The next step is to create a C# class that represents this structure. The next snippet is a C# class definition that matches the structure of the CSV file you'll be converting.

public class ZipCodeRecord
{
    public string ZipCode { get; set; }
    public string City { get; set; }
    public string State { get; set; }
    public decimal Longitude { get; set; }
    public decimal Latitude { get; set; }
}

Loading the CSV File

Strangely enough, the .NET Framework doesn't have a native library for processing CSV files. To perform this operation, use an open source application called CSVHelper. The source code for CSVHelper can be found at this location on Github: https://joshclose.github.io/CsvHelper/.

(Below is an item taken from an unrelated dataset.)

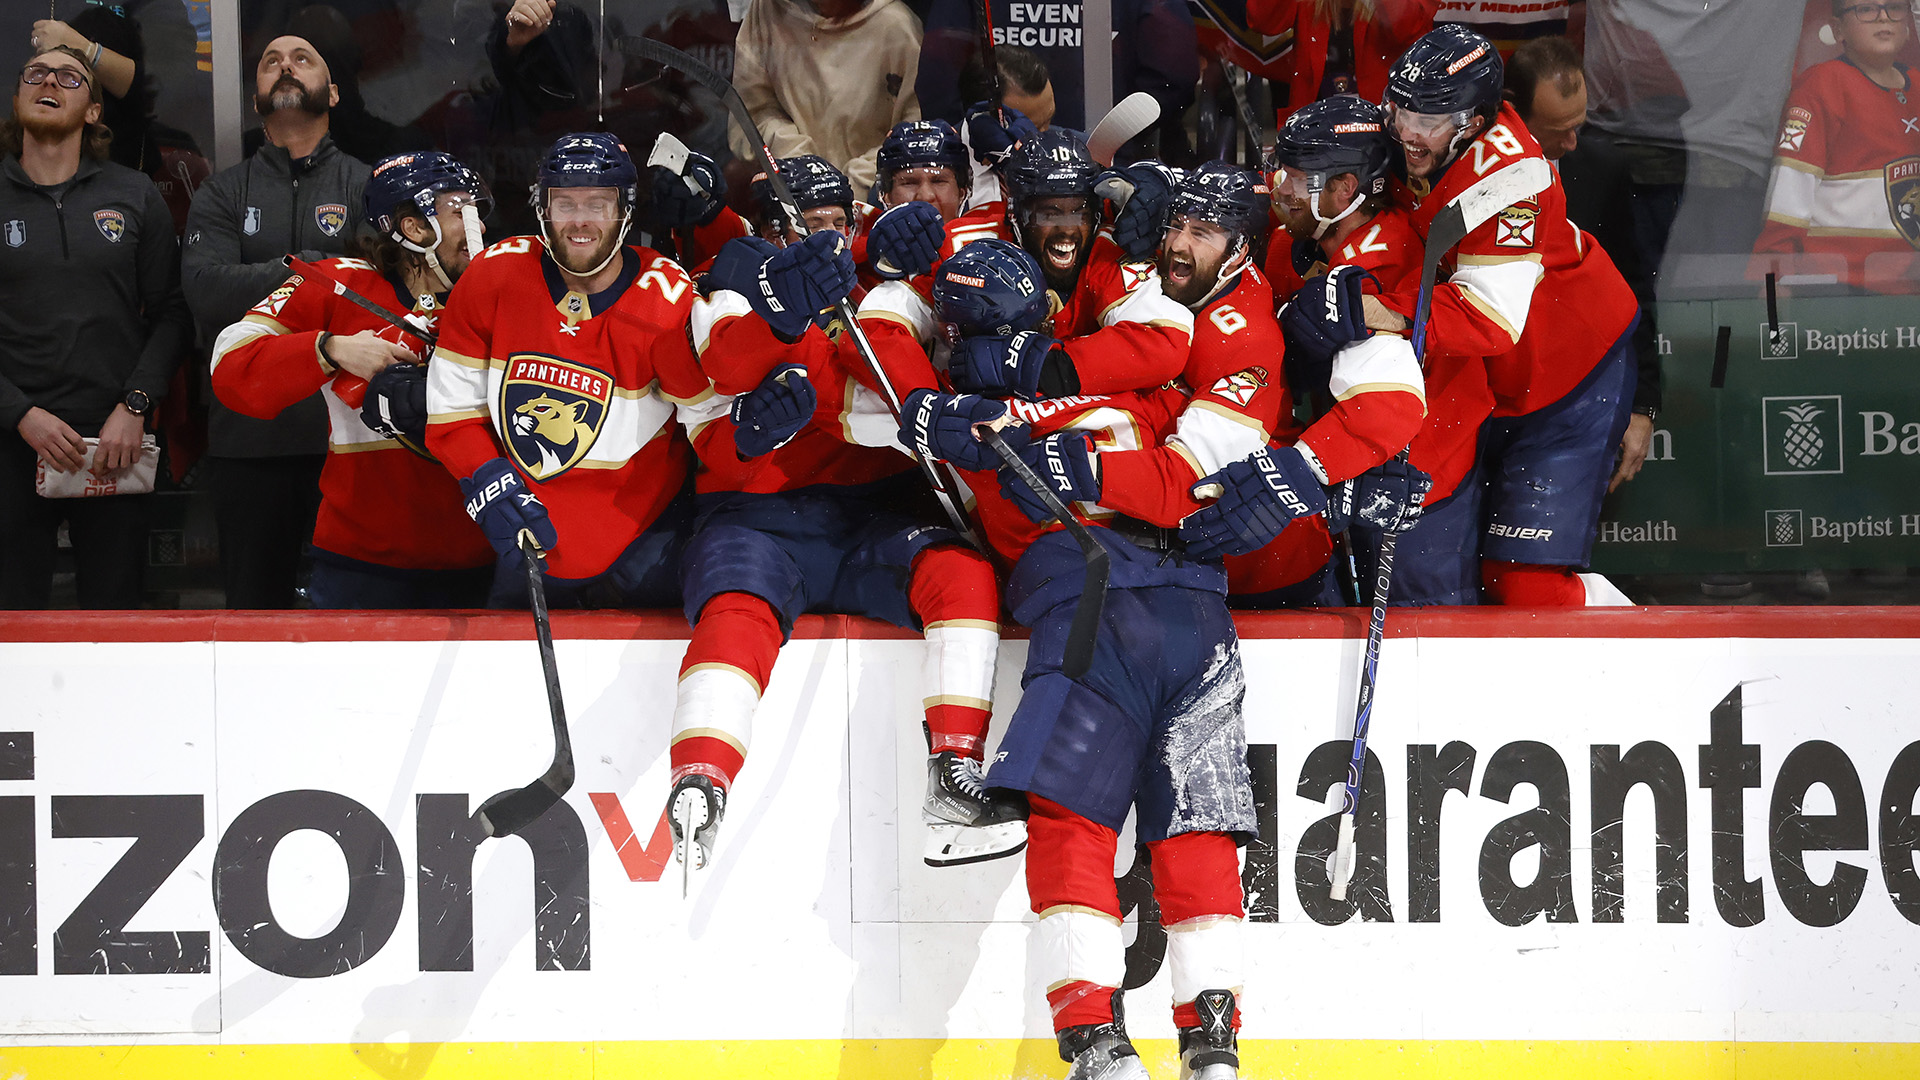 Matthew Tkachuk #19 of the Florida Panthers celebrates with his teammates after scoring the game winning goal on Frederik Andersen #31 of the Carolina Hurricanes during the third period in Game Four of the Eastern Conference Final of the 2023 Stanley Cup Playoffs at FLA Live Arena on May 24, 2023 in Sunrise, Florida.

Installing CSV Helper is simple. The developers of that library have created a NuGet package to assist in its installation. To install the CSVHelper package perform the following steps:

  1. From Visual Studio select TOOLS > NuGet Package Manager > Package Manager Console
  2. Type: Install-Package CsvHelper

This installs the CsvHelper library into your project and adds the proper references. Once the library is installed, you can use the code in Listing 1 to open the CSV file and create a list of ZipCodeRecord objects from its contents.

Listing 1: Code used to parse a CSV file into a list of objects

private List<ZipCodeRecord> LoadZipCodeFile()
{
    var path = Path.GetDirectoryName(
        Assembly.GetExecutingAssembly().Location);

    var retval = new List<ZipCodeRecord>();

    var reader = File.OpenText("cities.csv");
    var csv = new CsvReader(reader);

    while (csv.Read())
    {
        var record = new ZipCodeRecord();
        record.ZipCode = csv.GetField(0);
        record.State = csv.GetField(1);
        record.City = csv.GetField(2);
        record.Longitude = csv.GetField<decimal>(3);
        record.Latitude = csv.GetField<decimal>(4);
        retval.Add(record);
    }

    return retval;
}

Naive Data Loading

Once you've successfully parsed the CSV file, it's time to store it in a database table. The first step to storing the data in SQL Server is to create a table and the corresponding stored procedure for inserting the data. Listing 2 is the T-SQL code for creating a new database, table, and stored procedure.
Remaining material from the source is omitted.